While Goodline are no doubt an important partner to FMG, it also works with other clients at Port Hedland. “We’re doing a lot for BHP at the moment, we just finished a project, we’re building some conveyors for them and the next stage is more deconstruction plus more conveyors and transfer stations,” says Kennedy.
“We provide a major workforce there of 300 to 350 people who serve as the operations team for BHP, FMG and so on.”
While the focus for much of the company’s work is the Pilbara, Goodline has kept its headquarters in the same state in which it began.
Goodline’s head office in the city of Kawana on Queensland’s Sunshine Coast employs close to 70 people covering administration, accounting, procurement, human resources, IT, senior management and small project teams.
“We’ve established our head office here under one roof in a city and not a remote location where we would have to provide [employees] with accommodation and the labour rate would be more expensive,” says Kennedy. “It’s a massive operation – and it’s getting bigger.”
Part of the reason the company is headquartered on the Sunshine Coast is its proximity to the coal-producing region of Queensland, indeed, Goodline’s next ambition is to take the abilities they’ve honed in handling iron ore and transfer them to coal moving forward.
“We’re looking in the Bowen and Surat Basin at the moment,” says Finch. “We just completed a job last year up there for the Abbot Point Coal Terminal operated by Xstrata but recently taken over by Adani. We’re now focussed on looking at our customer base there with BMA, Adani and Bechtel. We want to provide a similar service with projects over the coming years.”
“We focus a lot on the materials handling end, we’ve done very well at providing a service to construction and materials handling services to the iron ore industry in the way of conveyors, stackers, reclaimers, train-loadout, ship loaders, and we want to do the same for coal now,” says Finch. “It’s a similar concept and that’s our focus. We know that we’re good at that in the business.”
“We’re probably industry leaders when it comes to being able to set those plants up and have them run efficiently and have them meet those milestone dates so we want to bring that to the coal industry.”
Clients for this are likely to include such mining giants as BMA, Adani, Hancock Coal, Xstrata and EPCM (Engineering, Procurement, and Construction Management) such as Worley Parsons, Bechtel and Aurecon Hatch.
Accordingly, the Queensland branch of the company is in the process of an expansion that calls for the addition of another 200 people by the middle of next year.
Finch is upbeat about the challenging and ambitious year Goodline has in front of it: “We are ambitious. We deliver quite well; we meet all the client’s needs.
We like an open book policy where we can be transparent and we like to resolve problems. We like to think we’re pretty innovative — if there’s a problem onsite or a problem within the EPCM team to deliver that, whether it is fabrication, material supply, we like to assist as much as possible and come up with ideas that work for everybody. The modular solution was an example of that.”

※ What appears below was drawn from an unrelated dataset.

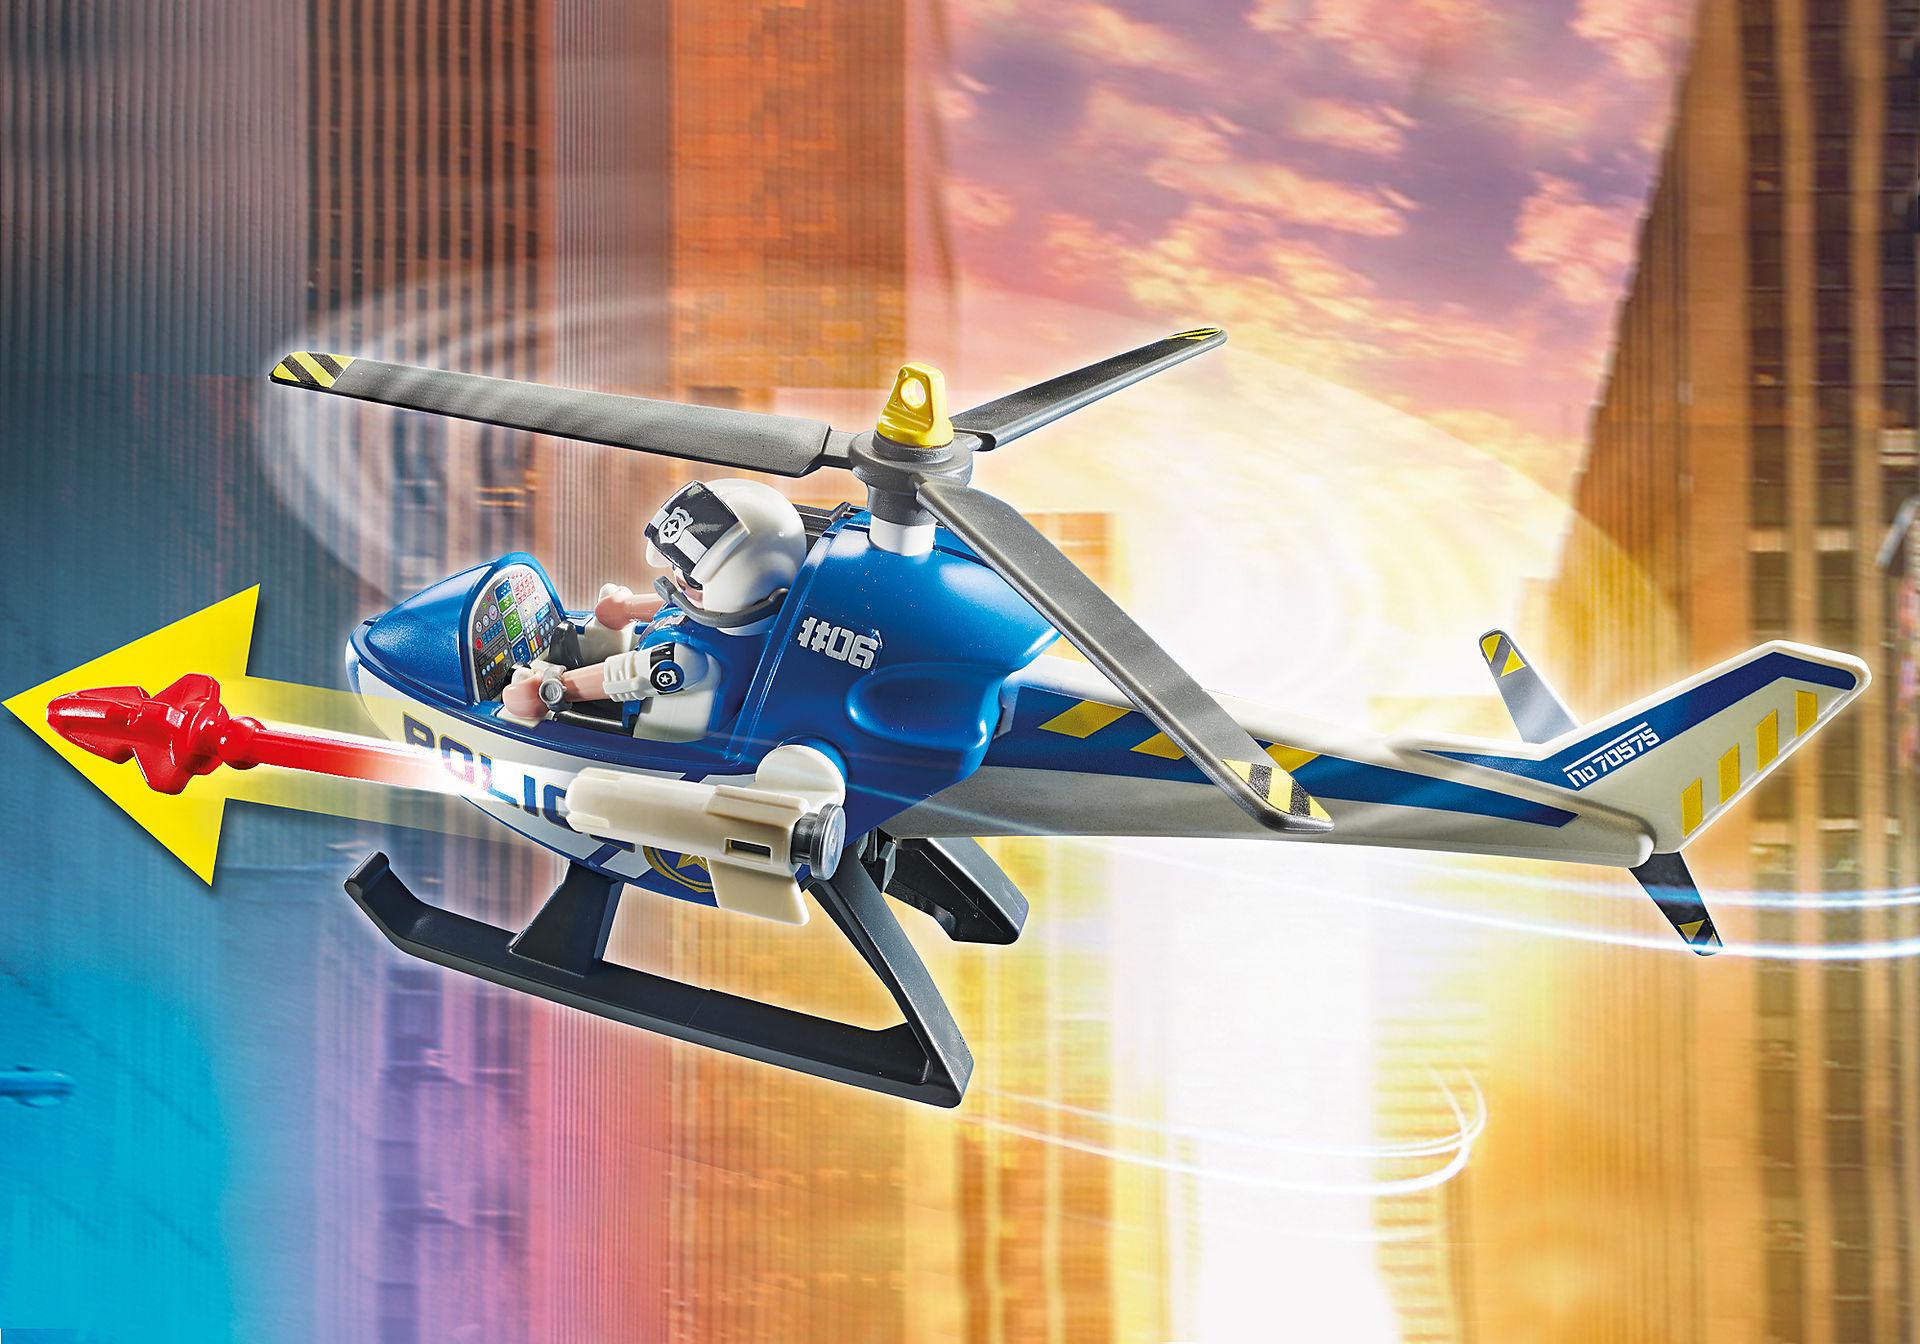 70575 Helicopter Pursuit with Runaway Van zoom image4

“Another example of that might be if another contractor on site was having resource problems and things like that,” says Kennedy. “We look at the project as a whole, because we’re pretty diverse, we can supply electrical, mechanical, plumbing, carpentry and in civil works we can supply resources to those other contractors if required.”
With an eye to facilitating growth in the Pilbara, Goodline have expansion plans for their small corporate operation in Perth that should see the office expanding from one person to six, depending on the growth of work, before the end of the year.

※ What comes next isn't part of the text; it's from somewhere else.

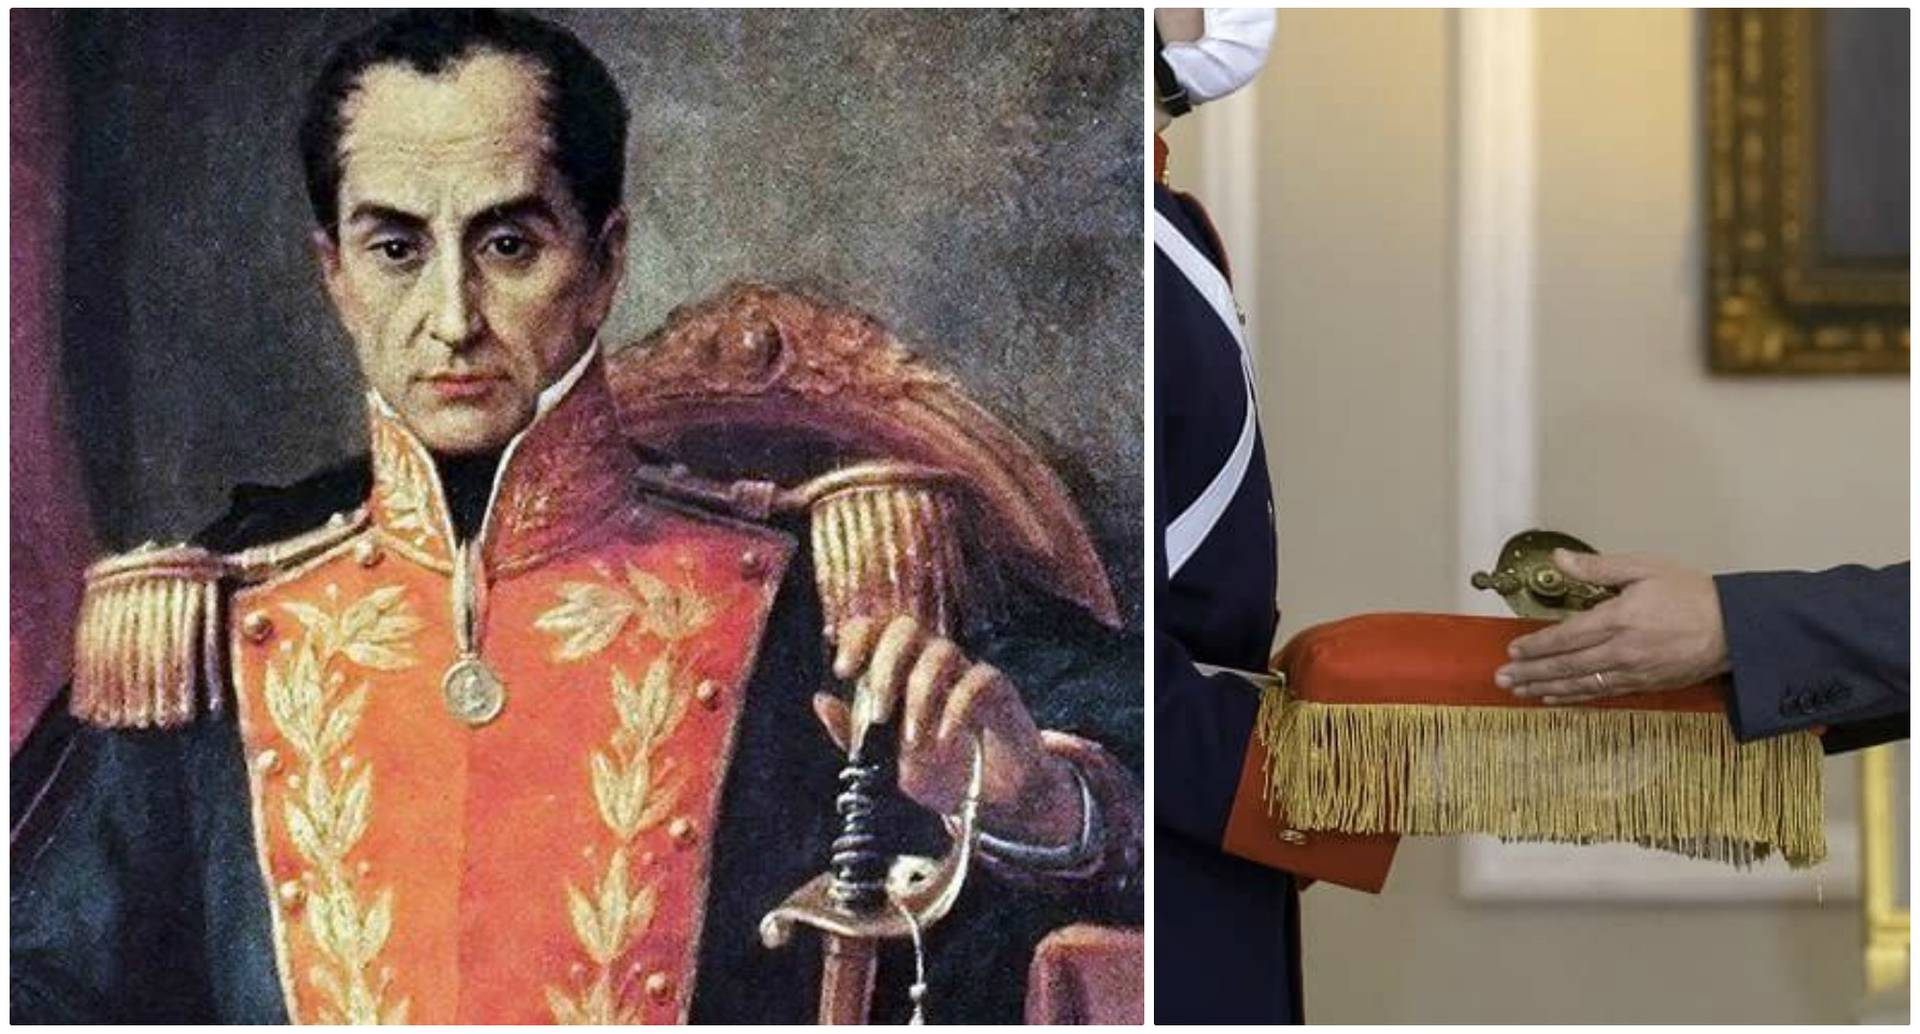 Espada de Simón Bolívar

As if all that isn’t quite enough, Goodline also provides quality surveyors and quality supervision services in China; a team of 14 from Goodline work in conjunction with “the accommodation buildings that are coming into Australia,” says Kennedy.
“We have also deployed people to assist with the stockyard machines.”

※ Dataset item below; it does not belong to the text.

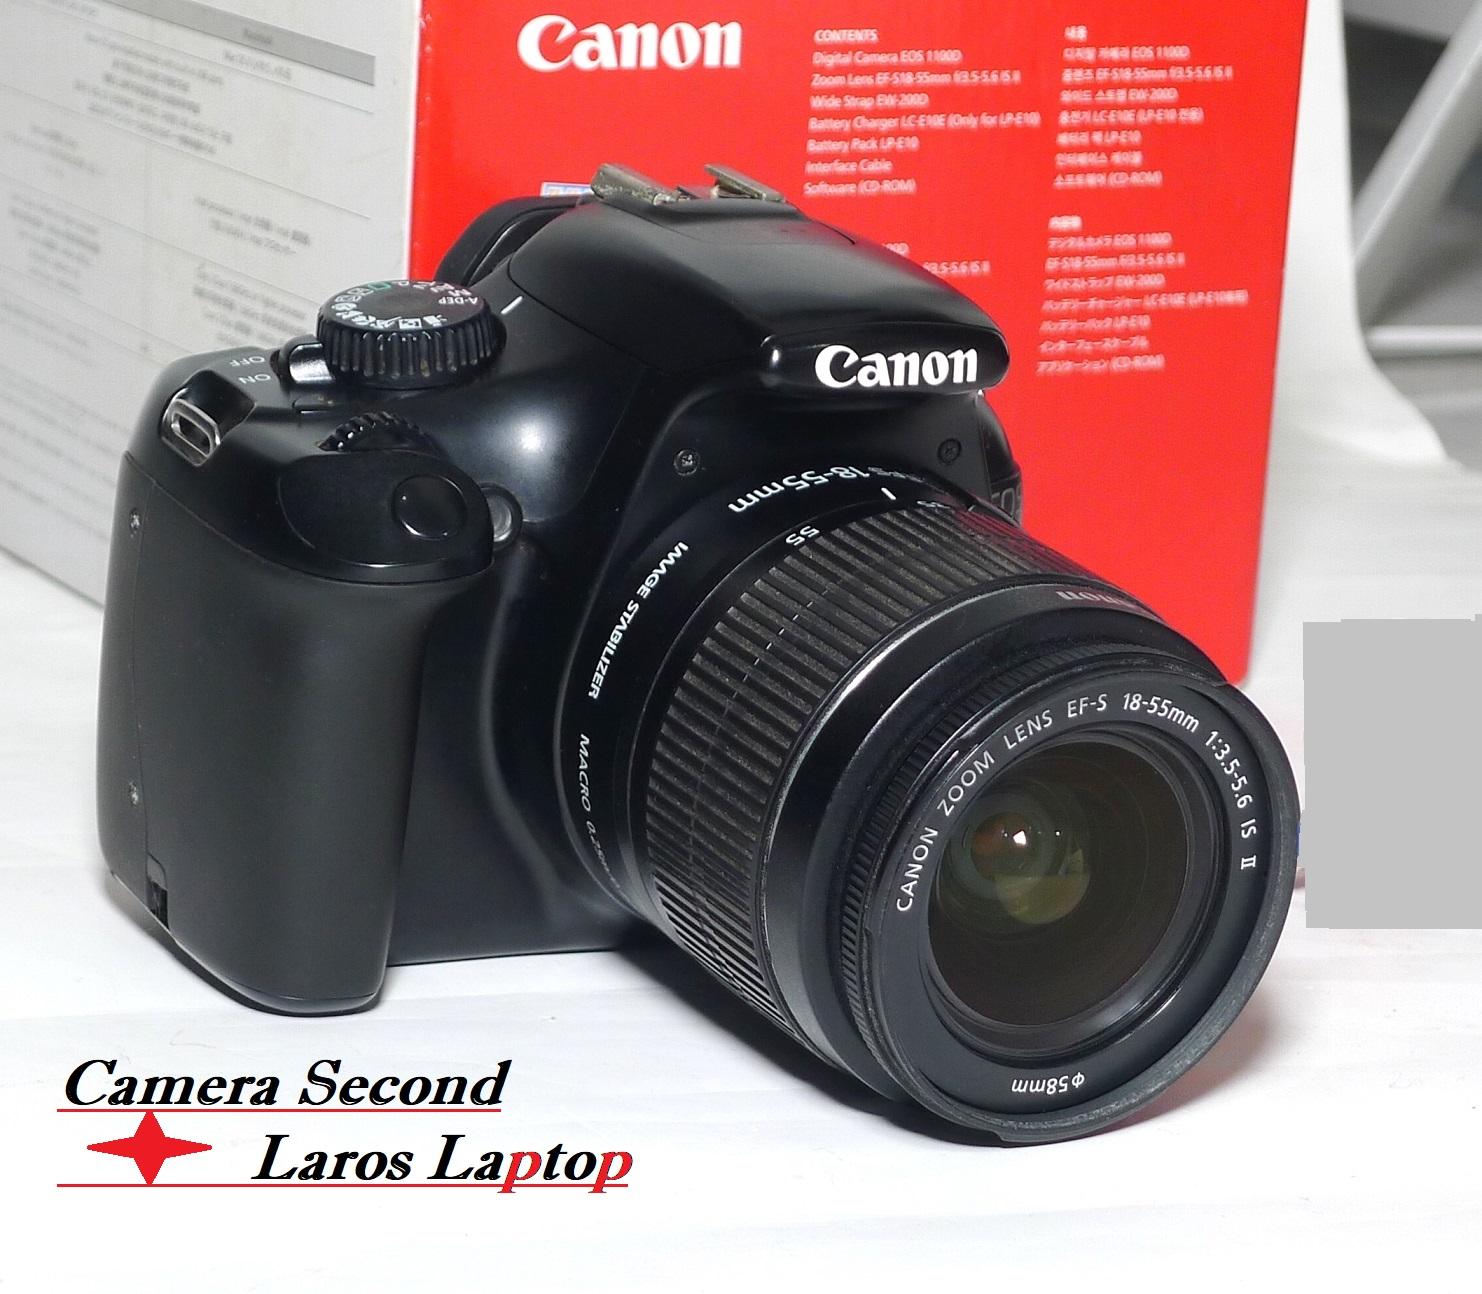 Jual Kamera Canon Eos 1100d Fullset Second Jual Beli Laptop

It’s yet another facet to add to the diverse skill set that has come to characterise Goodline as it goes from strength to strength.
“Goodline has grown quite rapidly,” says Kennedy. “We are now investing time and effort in ensuring we have the correct systems and resources in place to continue this growth. We are a good, honest, hard-working, privately-owned Australian business with a focus on the construction and maintenance side for the mining, hydrocarbon, building and local government authorities.”
“As do a lot of other business, we strive for success and to ensure this is obtained we create innovation within our team. We try not to overcomplicate the solution. We firmly believe that the two most important activities within any project are safety and schedule, and we have created an environment to ensure these run concurrently” states Finch.
“We are a young and enthusiastic team and we will be expanding into the future.”